The first was that he is 96 years old.  This I have no problem believing.  He looks well on it, though.  The second was that the world's oldest man died in Indonesia recently, aged 146.  This was reasonably widely reported, though whether I believe those reports is a different matter.  The third was that he fully intended to break that record.  I do believe that this is his intent; I cannot say whether the intent will be satisfied.  But he took such glee from the way he talked about breaking it that I really, really hope that he does manage the feat.  The fourth was that he hoped that I should live long enough to break his record, whatever that may turn out to be.  I am touched by the sentiment, but am not sure I share it.  An extra 104 years is a heck of a long time.

He told me also that he had a half-hour long meeting with the Duke and Duchess of Cornwall; since he has an A4 photo of the meeting, and is evidently very proud of it, I cannot but believe that.

But then he told me one thing that I cannot believe, but that again he delivered with amazing charm.  He couched it as a jokey sort of request: when I get back to England, or Britain, or the British Isles, or the United Kingdom ("So many names for one country!"), and the next time I see the Queen, could I tell her that she would be more than welcome to move to India to (re)take the crown there?  A new Buckingham Palace could be built, and accommodation could also be made for George, Charlotte, and Louis.
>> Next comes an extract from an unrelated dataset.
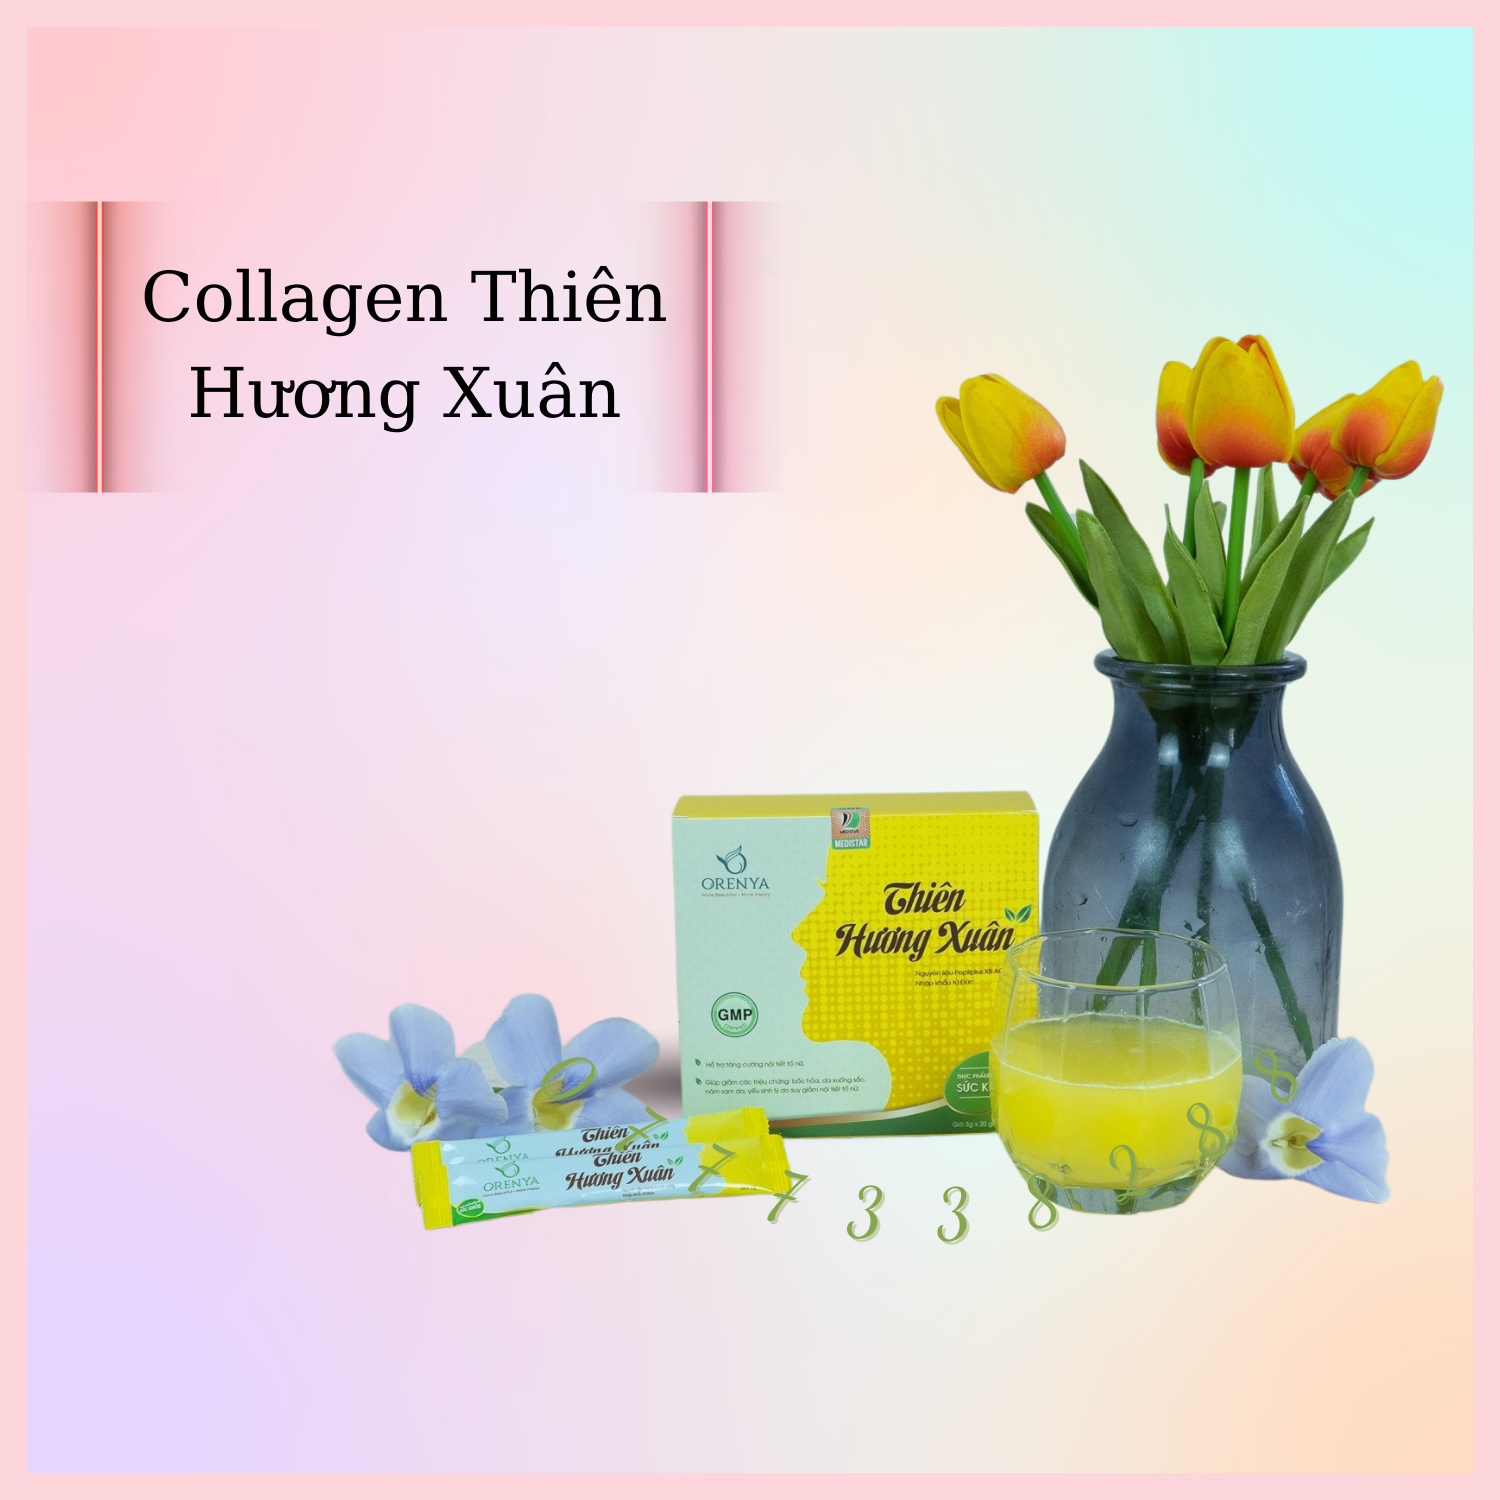 Collagen Thiên Hương Xuân gói lẻ 3g thumbnail

I'm not sure if this was meant as something that Indians en bloc, or the people of Mumbai, or the Parsis, or he alone wanted to see.  It seemed rude to press for more details.  I told him I'd pass on the message if I ever got the chance - though I don't think I will.  Get the chance, I mean: I will pass it on should I bump into her in Tesco.  If, however, somebody reading this does happen to meet the Queen, could they do the honours?  There's a nonagenarian restaurateur who'd be thrilled.


Oh, and I'm definitely going back there for lunch tomorrow.